Simply put, a convex combination is a linear combination of different points or quantities in which the coefficients of the linear combinations add up to one. More concretely,

\[\alpha_1 x_1 + \alpha_2 x_2 + \cdots + \alpha_n x_n, \ \sum_{i = 1}^n \alpha_i = 1 \tag{10}\]

We can also imagine that $\alpha$ and $x$ are each $n$-dimensional vectors, and that a convex combination is simply a dot product of these two vectors given that the elements of $\alpha$ sum up to one.

Why did I suddenly bring up convex combinations out of no where? Well, it turns out that the result in (9) in fact an instance of a convex combination of two points satisfying the form

\[\alpha x + (1 - \alpha)y \tag{11}\]

Indeed, it is not difficult to see that the coefficient of $\bar{x}$ and $\mu$ add up to 1, which is precisely the condition for a linear combination to be considered convex. Now here is the important part: the implication of this observation is that we can consider the MAP estimate of parameter $\theta$ as an interpolation, or more simply, some weighted average between $\bar{x}$ and $\mu$. This interpretation also aligns with the whole notion of Bayesian inference: our knowledge of the parameter is partially defined by the prior, but updated as more data is introduced. And as we obtain larger quantities of data, the relative importance of the prior distribution starts to diminish. Imagine that we have an infinite number of data points. Then, $\theta_{MAP}$ will soley be determined by the likelihood function, as the weight ascribed to the prior will decrease to zero. In other words,

\[\lim_{n \to \infty} \frac{n}{n + \sigma^2} = 1 \\ \lim_{n \to \infty} \frac{\sigma^2}{n + \sigma^2} = 0 \tag{12}\]

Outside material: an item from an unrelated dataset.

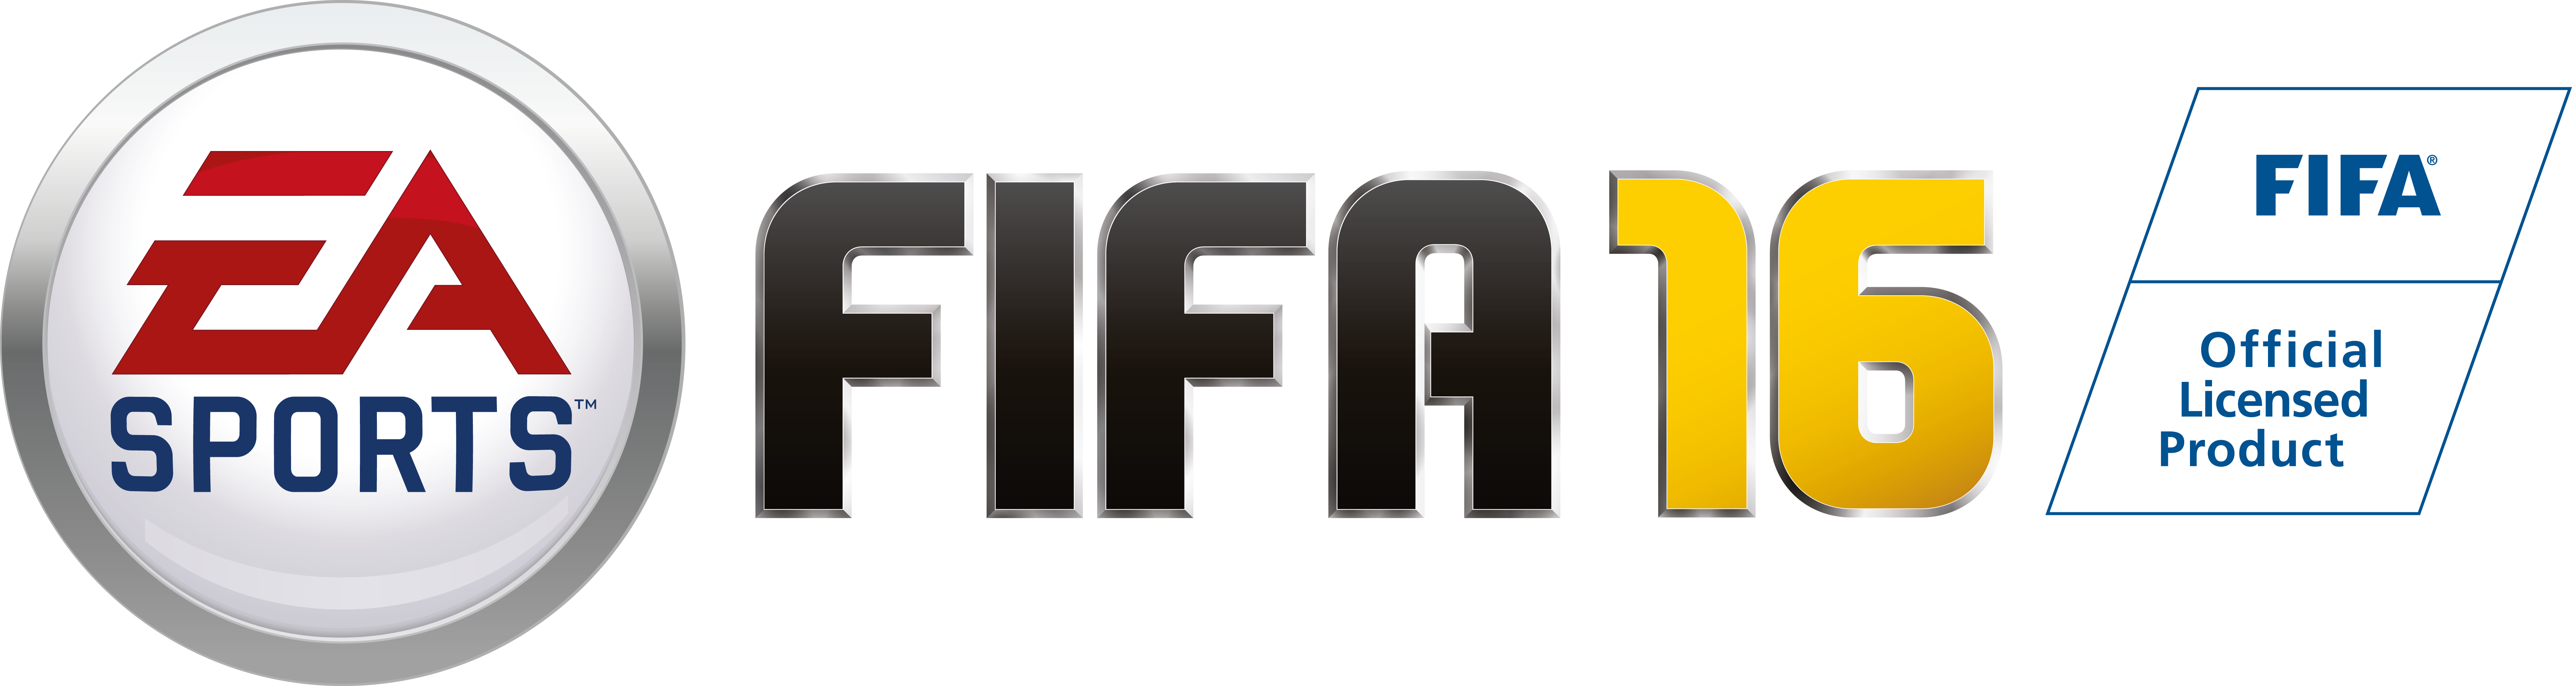 Fifa_16_logo - Fifa PNG

Conversely, we can imagine how having no data points at all would cause the weight values to shift in favor of the prior such that no importance is ascribed to the MLE estimate of the parameter.

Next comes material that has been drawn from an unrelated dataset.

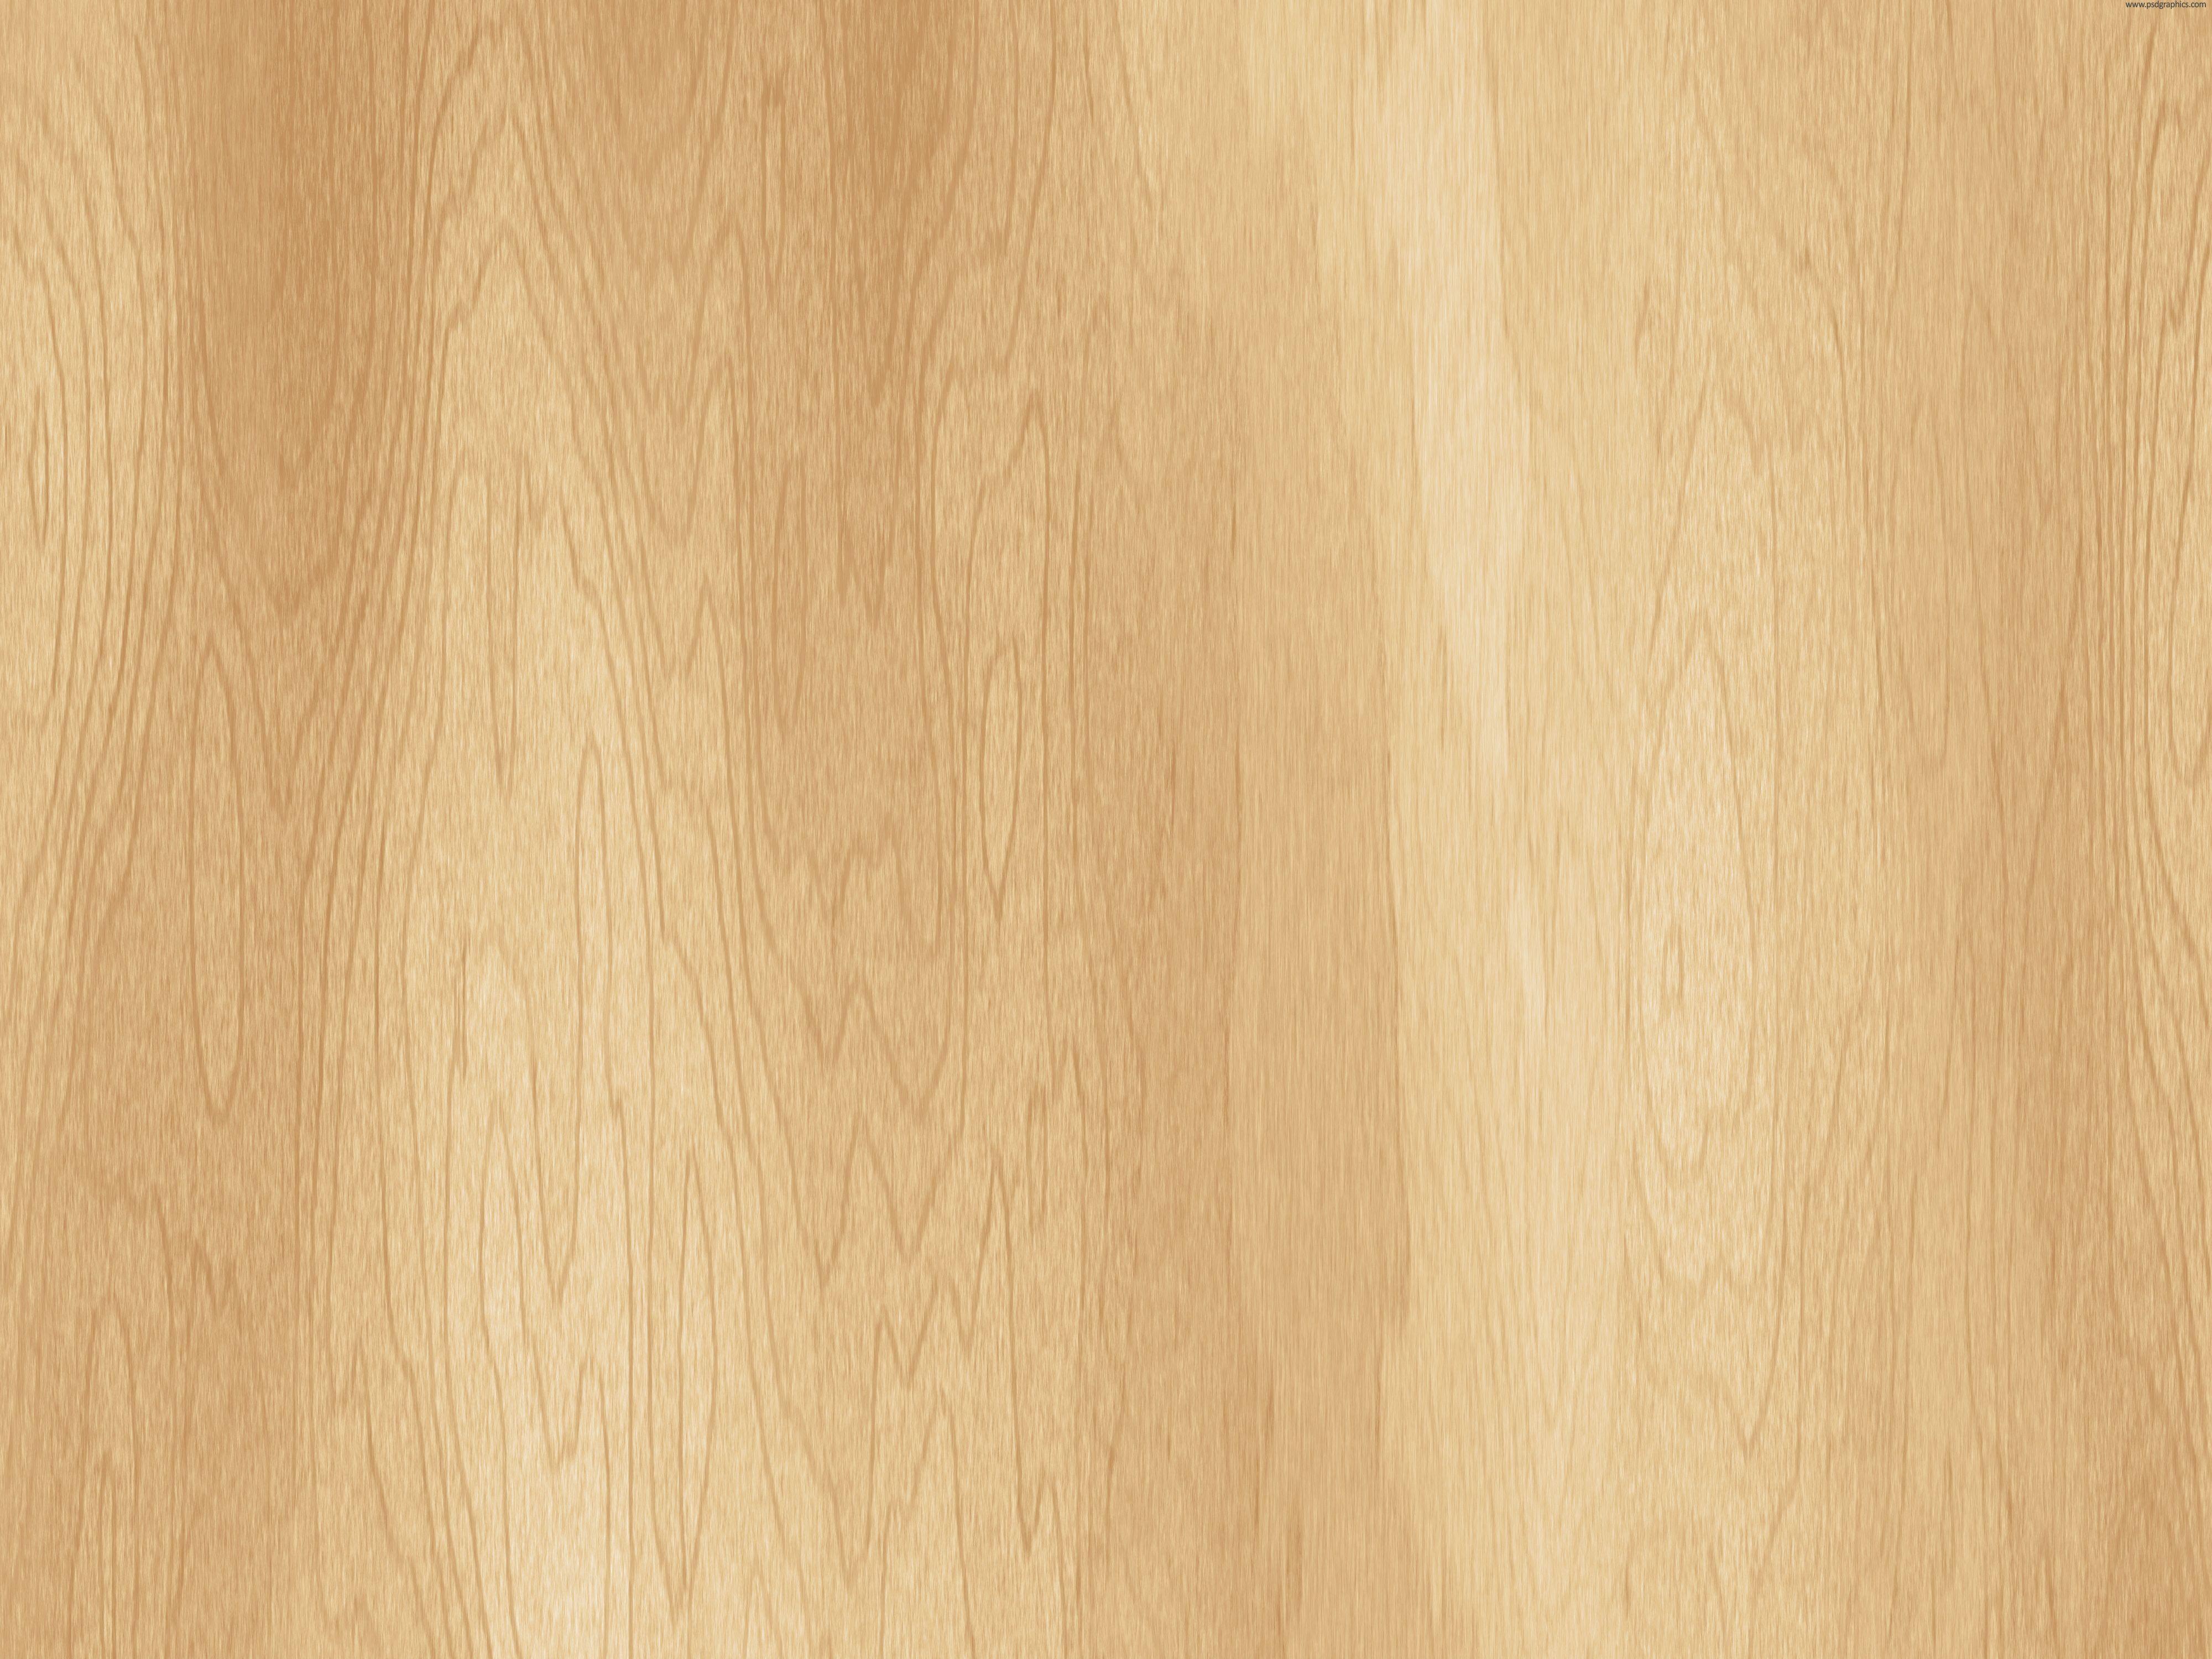 Light Wood Floor Background. Light Wood Texture  Books Worth Reading Pinterest wood

In this short article, we reviewed the concept of maximum a posteriori and developed a useful intuition about its result from the perspective of convex combinations. Maximum a posteriori, alongside its close relative maximum likelihood estimation, is an interesting topic that deserives our attention. Hopefully through this post, you gained a better understanding of what the result of an MAP estimation actually means from a Bayesian point of view: a weighted average between the prior mean and the MLE estimate, where the weight is determined by the number of data points at our disposal. Also, I just thought that the name “convex conbinations” is pretty cool. The fancier the name, the more desire to learn—it is a natural human instinct indeed.

I hope you enjoyed reading this article. In the next post, we will continue our discussion by exploring the concept of conjugate priors, which is something that we have always assumed as true and glossed over, yet is arguably what remains at the very core of Bayesian analysis.